After extensive testing, Caffeine’s developers opted for infrequent but relatively large changes. For example, let’s look at the code that performs the adjustments of window size (source: BoundedLocalCache.java
):
/** Calculates the amount to adapt the window by and sets {@link #adjustment()} accordingly. */
@GuardedBy("evictionLock")
void determineAdjustment() {
// check frequency sketch is initalized
if (frequencySketch().isNotInitialized()) {
setPreviousSampleHitRate(0.0);
setMissesInSample(0);
setHitsInSample(0);
return;
}
int requestCount = hitsInSample() + missesInSample();
if (requestCount < frequencySketch().sampleSize) {
return;
}
double hitRate = (double) hitsInSample() / requestCount;
double hitRateChange = hitRate - previousSampleHitRate();
double amount = (hitRateChange >= 0) ? stepSize() : -stepSize();
double nextStepSize = (Math.abs(hitRateChange) >= HILL_CLIMBER_RESTART_THRESHOLD)

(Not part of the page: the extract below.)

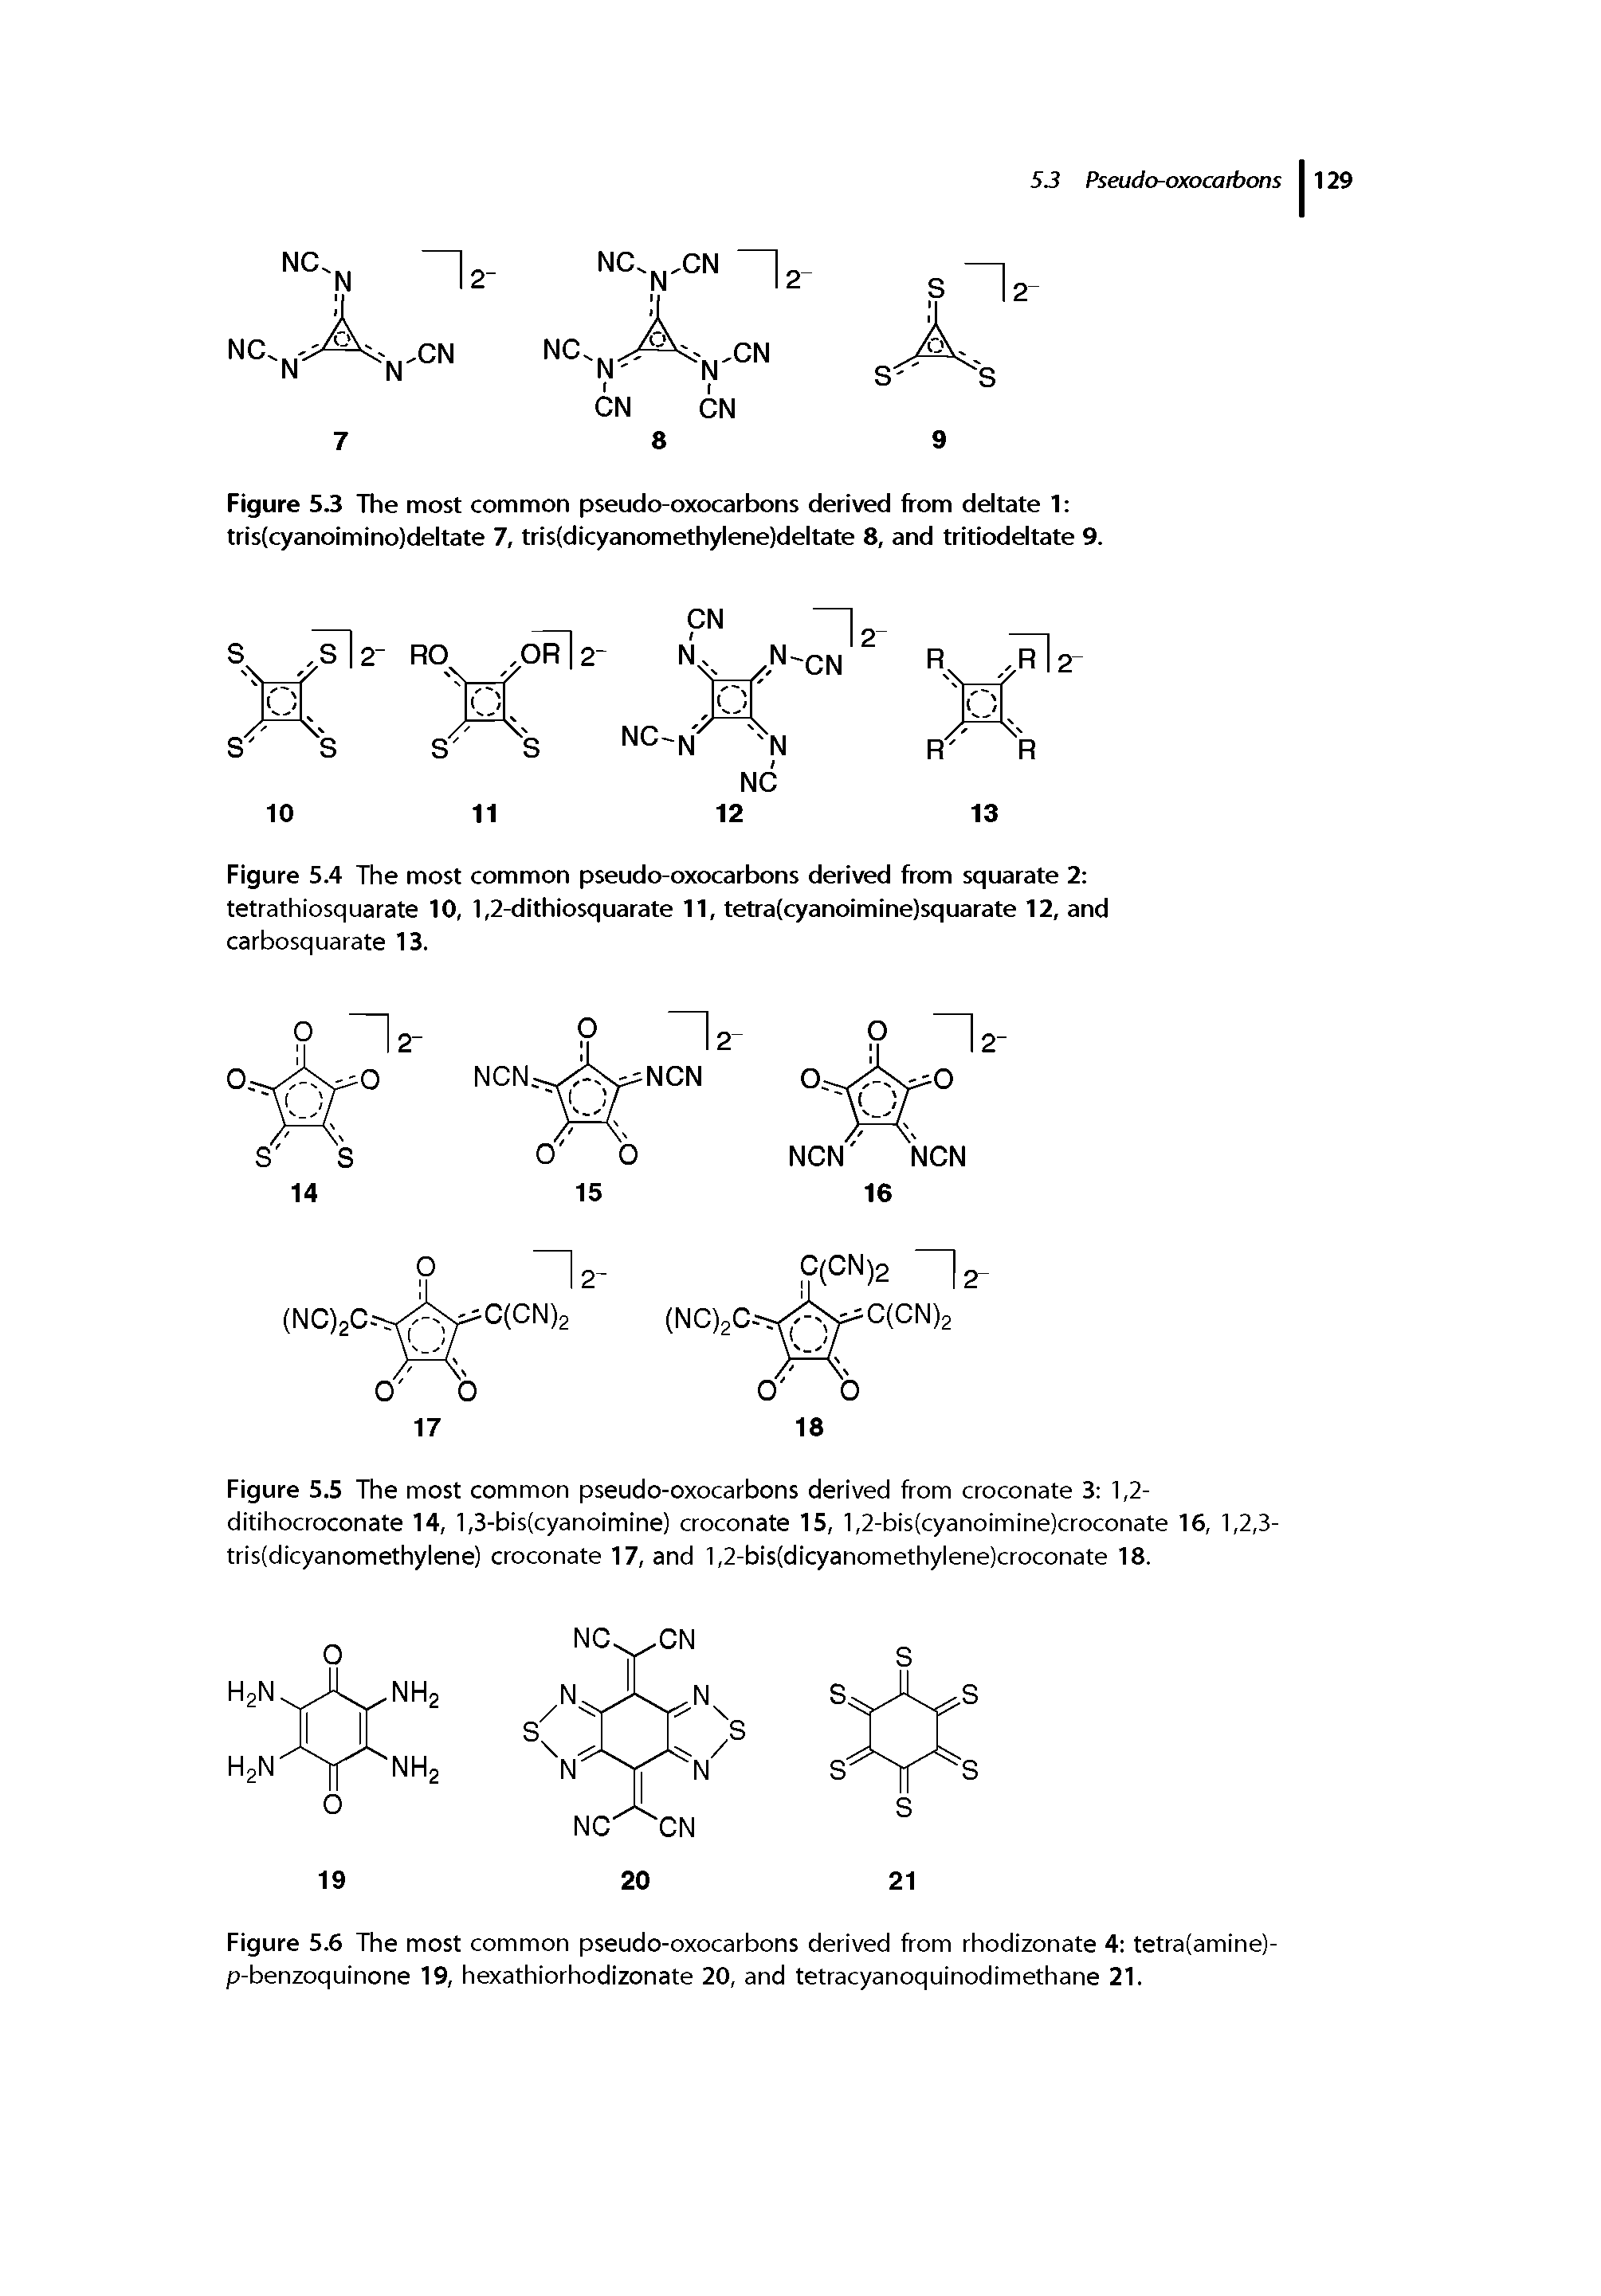 Figure 5.6 The most common pseudo-oxocarbons derived from rhodizonate 4 tetra(amine)-p-benzoquinone 19, hexathiorhodizonate 20, and tetracyanoquinodimethane 21.

? HILL_CLIMBER_STEP_PERCENT * maximum() * (amount >= 0 ? 1 : -1)
: HILL_CLIMBER_STEP_DECAY_RATE * amount;
setPreviousSampleHitRate(hitRate);
setAdjustment((long) amount);
setStepSize(nextStepSize);
setMissesInSample(0);
setHitsInSample(0);
}
It calculates the hit rate based on the hits and total requets of a sample. It compares the current hit rate with the previous one. It the hit rate has improved (or stayed the same), it uses a positive step size; otherwise negative. If the hit rate change is significant, it calculated a larger step size based on a percentage of the maximum possible. Otherwise, it decays the current step size which reduced the magnitude of the change. Finally it ends up updating the state.
This adaptive policy allows Caffeine to fine-tune its behavior to the specific needs of each application, optimizing performance without requiring manual intervention. It’s a testament to the thoughtful design that makes Caffeine stand out in the world of caching solutions.
Conclusion
While there are other intriguing aspects of Caffeine’s internals, such as separate buffers for reads and writes, automatic metrics, and the simulator, I believe we’ve covered enough to grasp its main concepts and inner workings.
Diving into Caffeine’s codebase was truly a blast - it’s a remarkable piece of engineering. From clever bit manipulations to well-designed data structures, it showcases thoughtful and efficient design at every level.
If you found this interesting, I encourage you to visit the repository and give it a star. Ben Manes has created something genuinely impressive here, and it’s worth acknowledging. Hope you learned something valuable from this exploration. High-performance caching might not be glamorous, but it’s a crucial part of many systems, and Caffeine shows how it can be done right.